The infrared shielding film 5 may be provided directly on the surface of the first glass plate 2 or the second glass plate 4, or may be provided via an adhesive layer and a base material layer. The infrared shielding film 5 may be a single layer film or a multilayer film of two or more layers. In the case of a single layer film, it contains silicon oxide and an infrared shielding compound. Infrared shielding compounds include tin-doped indium oxide, antimony-doped tin oxide, aluminum-doped zinc oxide, indium-doped zinc oxide, tin-doped zinc oxide, silicon-doped zinc oxide, lanthanum hexaboride, and cerium hexaboride. In the case of a multilayer film, it may be a multilayer resin film in which two or more types of thermoplastic resin layers having different refractive indexes are laminated alternately or randomly, or it may be a liquid crystal film in which cholesteric liquid crystal layers are laminated.

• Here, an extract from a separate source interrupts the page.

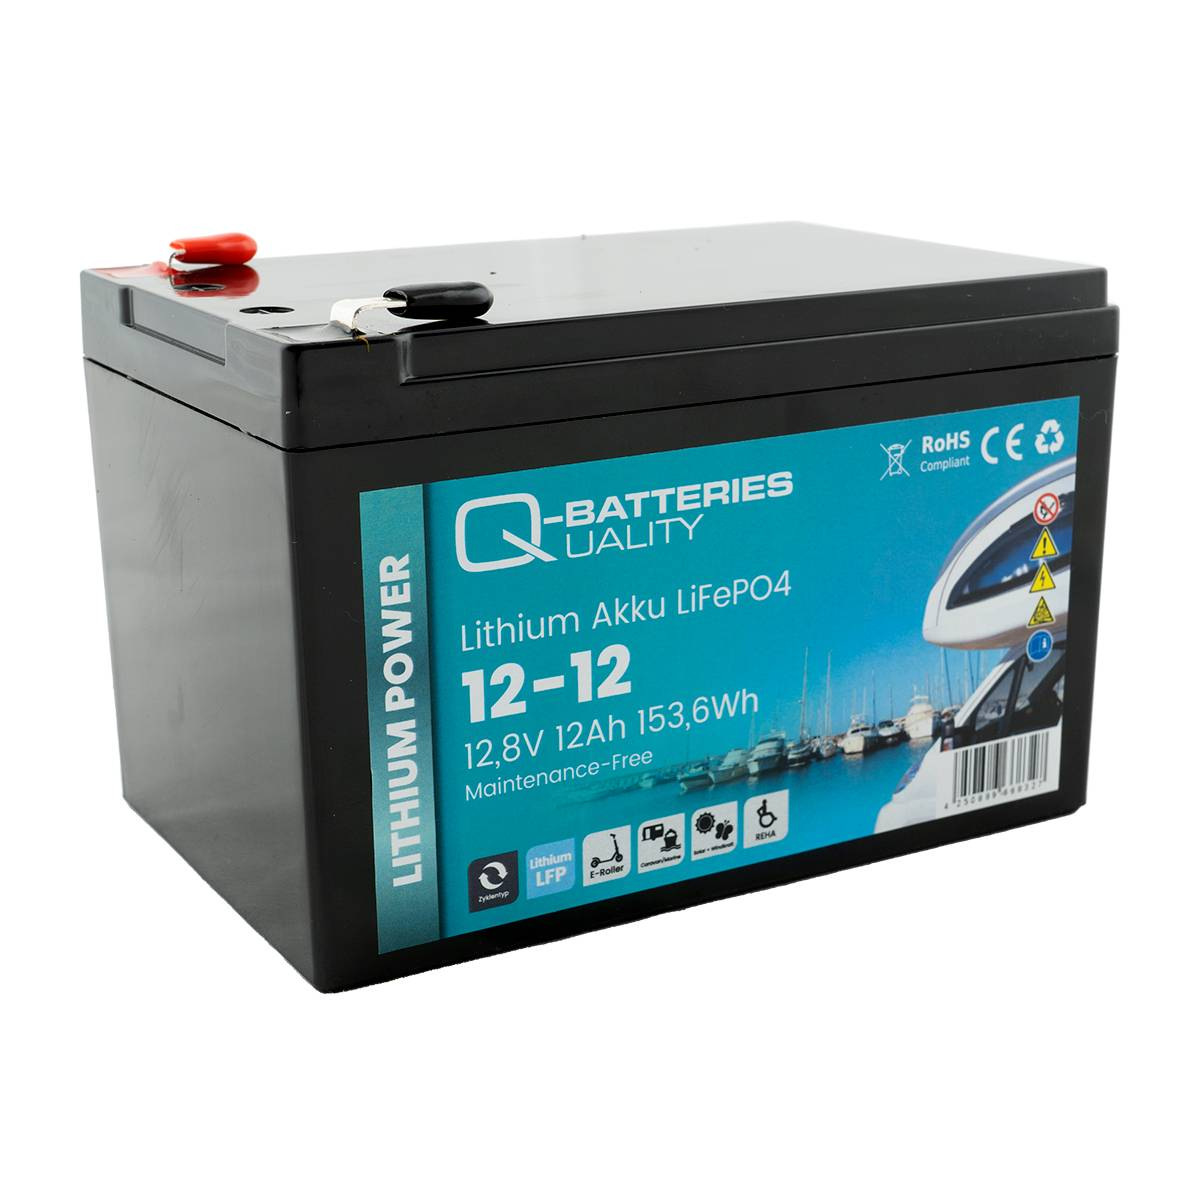 Q-Batteries Lithium Akku 12-12 12,8V 12Ah 153,6Wh LiFePO4 Lithium

The infrared shielding film 5 is a single layer film, and is preferably provided directly above the second glass plate 4. Since the infrared shielding film 5 does not have a base material layer or an adhesive layer, it is possible to suppress the generation of multiple images due to reflection and refraction that occur at the interface between the base material layer and the adhesive layer, and the image display as a head-up display can be clearly displayed. Can be done.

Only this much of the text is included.